Detail any intervention strategies for the individual that are known to promote positive behavior and avoid an escalation to challenging behavior. This may include strategies from the following documents:
- Behavior Support Plan goals
- IEP goals or accommodations
- 504 plan accommodations
- Trauma-informed practices
- Collaborative problem solving
- Sensory break (3 choices)
- Visual schedule
- Verbal prompt
- Check for understanding
Think creatively and observe closely; the goal is to pay attention to ALL variables influencing the person’s ability to self-regulate.
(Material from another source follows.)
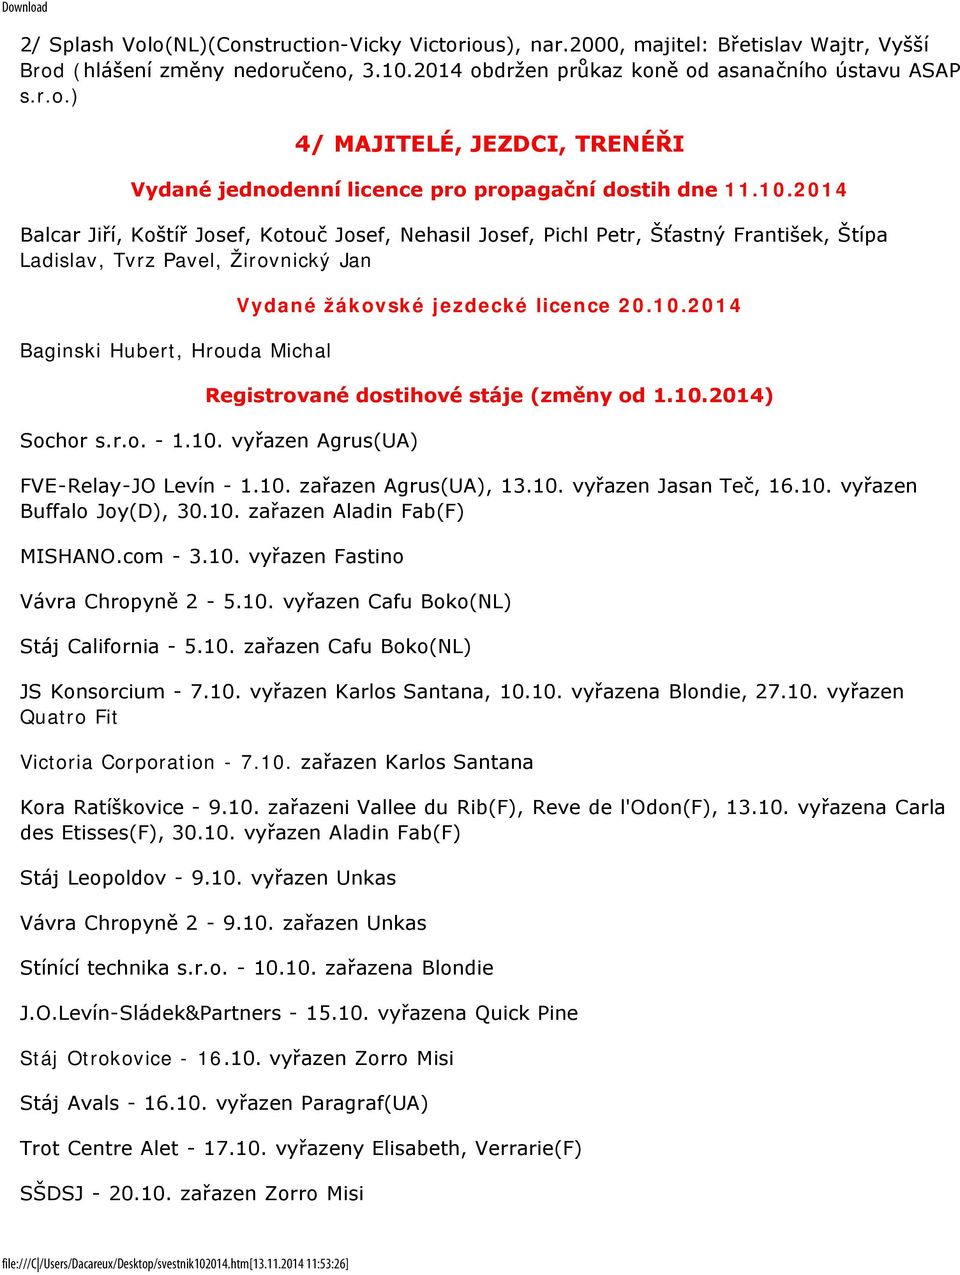 licence 20.10.2014 Registrované dostihové stáje (změny od 1.10.2014) Sochor s.r.o. - 1.10. vyřazen Agrus(UA) FVE-Relay-JO Levín - 1.10. zařazen Agrus(UA), 13.10. vyřazen Jasan Teč, 16.10. vyřazen Buffalo Joy(D), 30.

The more agitating events, the less patience we have
- Particular noises: alarms, fans, sirens, birds, dogs barking, siblings yelling/screaming, road noise from car, windows down in car, etc.
- Sensory stimuli response: other people touching them or hugs, hair being brushed/washed or otherwise, certain clothing with tags/material/seams/etc., wind, car rides (particularly longer or curvy), food (textures and flavors), showering (being wet, cold/hot, soap, towels, etc.)
- Certain people/personalities: Power struggles, limited choice giving, gruff voice/demeanor, high pitched voice, timid, unsure how to respond or seemingly fearful, specific physical features; beard, long-hair, bald, tall, women, men, children, etc.
- Changes in schedule: canceled appointments, time changes, having to wait long periods (appointment late), new provider, new teacher/para professional, different location for school/work/other, favorite choices no longer being available (or being limited)
- Pollen count/changes in seasons: Pollen is something we are planning to track regularly, in the meantime we are noticing big effects with the increased count.
Health Challenges: Identify any chronic or recurring health issues, like seizure or migraine headache.
Medications/supplements: Enter all medications or supplements given daily. (NOTE: if your plan supports MAR (Medication Administration Records) and you have this option enabled, you will not see the basic medications and supplements in this section as they are replaced by MAR tracking in the individual's Profile). It is important to make notes of any observable influencers or changes, related to the health section. This might be particularly important when experiencing medication changes or rapid changes in specific health-related concerns; rapid weight gain or loss, increased anxiety or obsessive-compulsive disorder (OCD).